Was ever a book so disbelieved from the moment of its release as the set of documents known as the Warren Commission Report? Perhaps O.J. Simpson’s If I Did It, to be sure, but in the annals of official explanation, nothing has become so completely a byword for the semantic domain labeled, “Yeah, right, uh-huh.”
It did not help that the Commission was rushed from the beginning. John F. Kennedy, whom the report lauds as “a young and vigorous leader whose years of public and private life stretched before him,” was killed on Nov. 22, 1963, in downtown Dallas, Texas. Just 10 months later, the President’s Commission on the Assassination of President Kennedy, headed by Supreme Court Chief Justice Earl Warren—whence the Warren Commission—released an 889-page summation of its findings, which was but prelude to the release, in November 1964, of an additional 27 volumes of supporting material.
So many documents in so short a time led contemporary critics to wonder if we weren’t being deliberately overwhelmed by data. It did not help, either, that key bits of evidence in that mountain had gone missing, evidence that has exercised conspiracy theorists ever since. (Just whisper “Parkland,” if you want to get a rise out of them.) And it did not help at all that the Commission’s report was so insistent that Lee Harvey Oswald, against all probability, was the lone shooter that day in Dallas—and was then conveniently gunned down a couple of days later, so that, as the commissioners grayly remarked, “it [is] no longer possible to arrive at the complete story of the assassination through normal judicial procedures during the trial of the alleged assassin.”

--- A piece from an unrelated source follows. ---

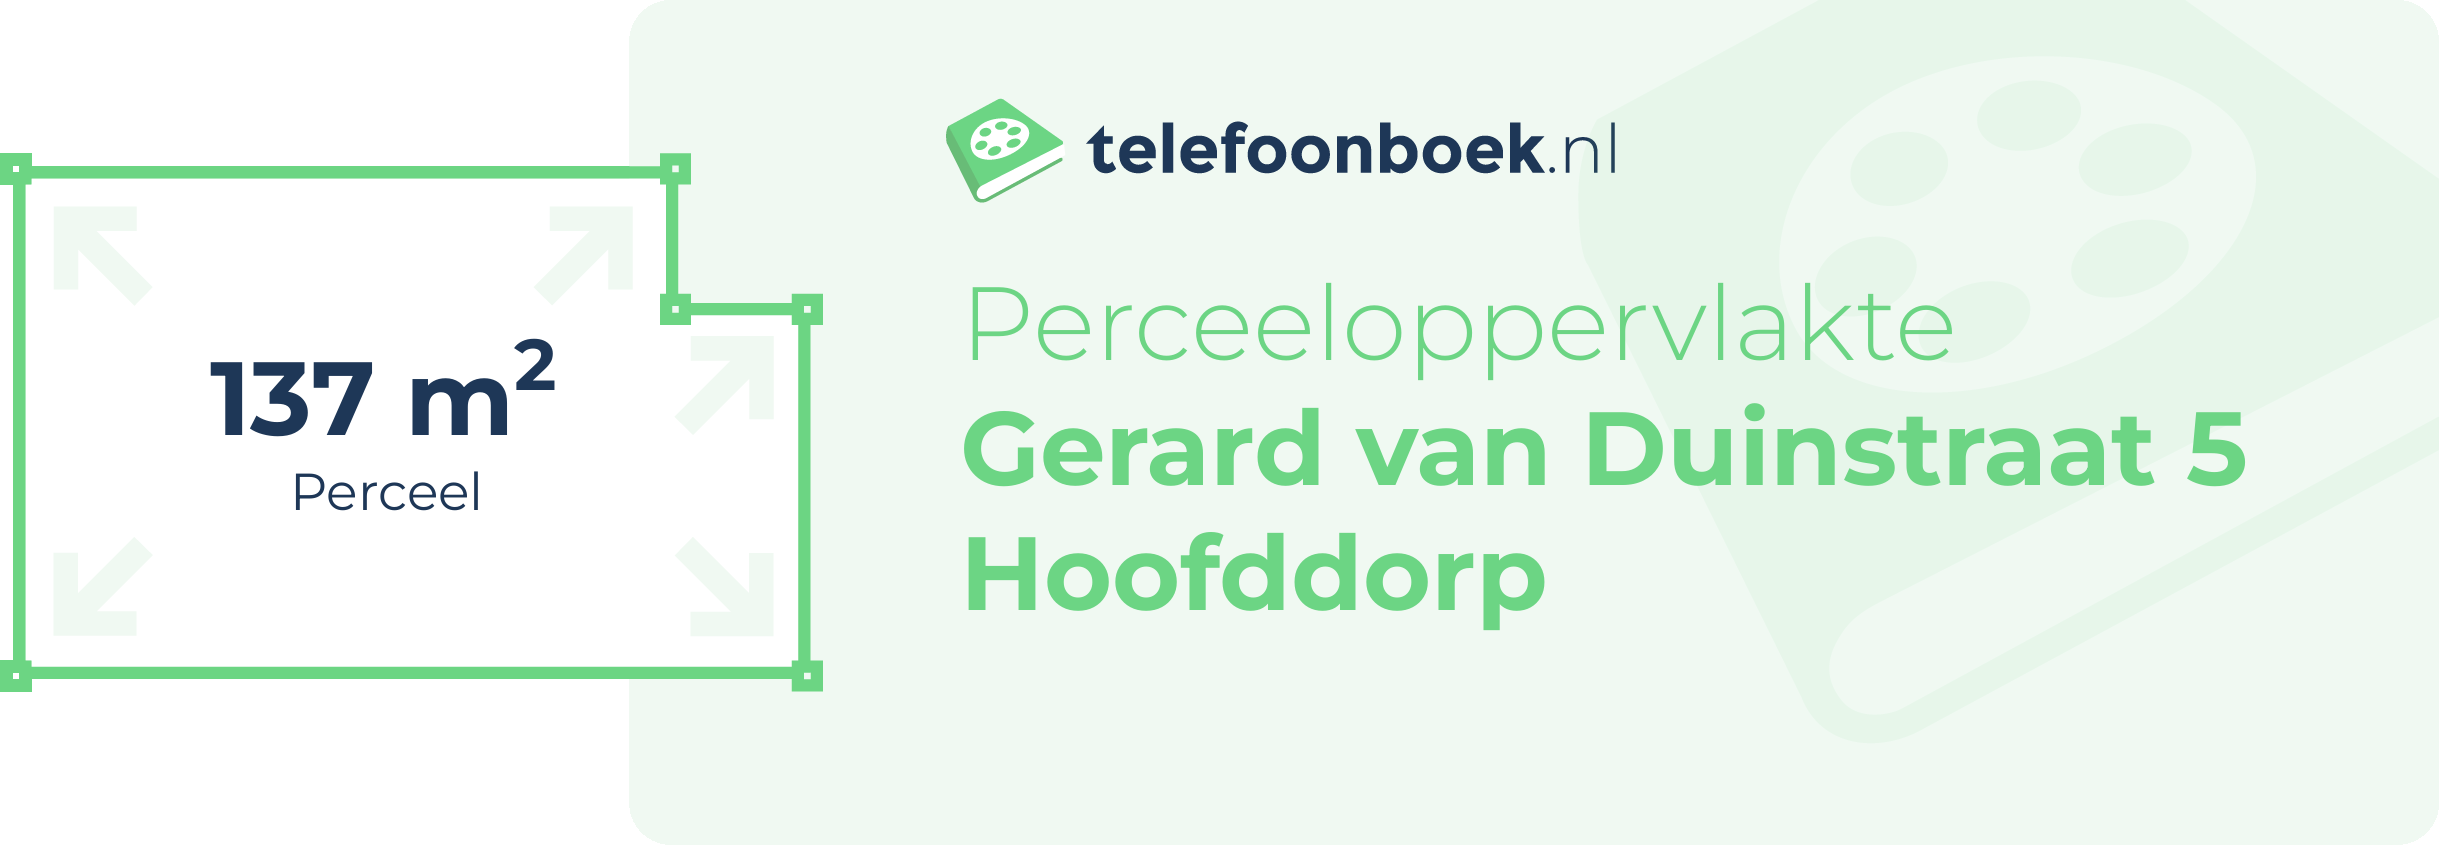 Perceeloppervlakte Gerard Van Duinstraat 5 Hoofddorp

Robert F. Kennedy, the president’s brother and the sitting attorney general at the time of the assassination, is said to have called the Warren Report, all 27 volumes of it, “shoddy.” Certainly Americans have thought so for half a century. Even today, books appear that attack its findings. Philip Shenon’s A Cruel and Shocking Act, which appeared last year, was perhaps the most comprehensive of the recent crop, linking the assassination closely to the Kennedy administration’s war, overt and covert, on Fidel Castro. The Cuban connection is but one of several threads that conspiracy theorists have followed over the years, most of which made their way into Oliver Stone’s 1991 film JFK, which passes for history among all too many people who weren’t alive to remember Nov. 22.
Occasionally, though, a book comes along that supports the Warren Report. (The report, incidentally, is available here.) Foremost among these is Commission member Howard P. Willens’ History Will Prove Us Right, which concludes, “We share the sense of implausibility that someone like Oswald could have assassinated our president acting alone.” Yet act alone Oswald did, Willens maintains, riding a perfect storm of coincidences.
We can be confident of only one conclusion: Namely, that we’ll be arguing about who killed him for as long as anyone remembers John Fitzgerald Kennedy and his sad end.
Gregory McNamee is a contributing editor at Kirkus Reviews.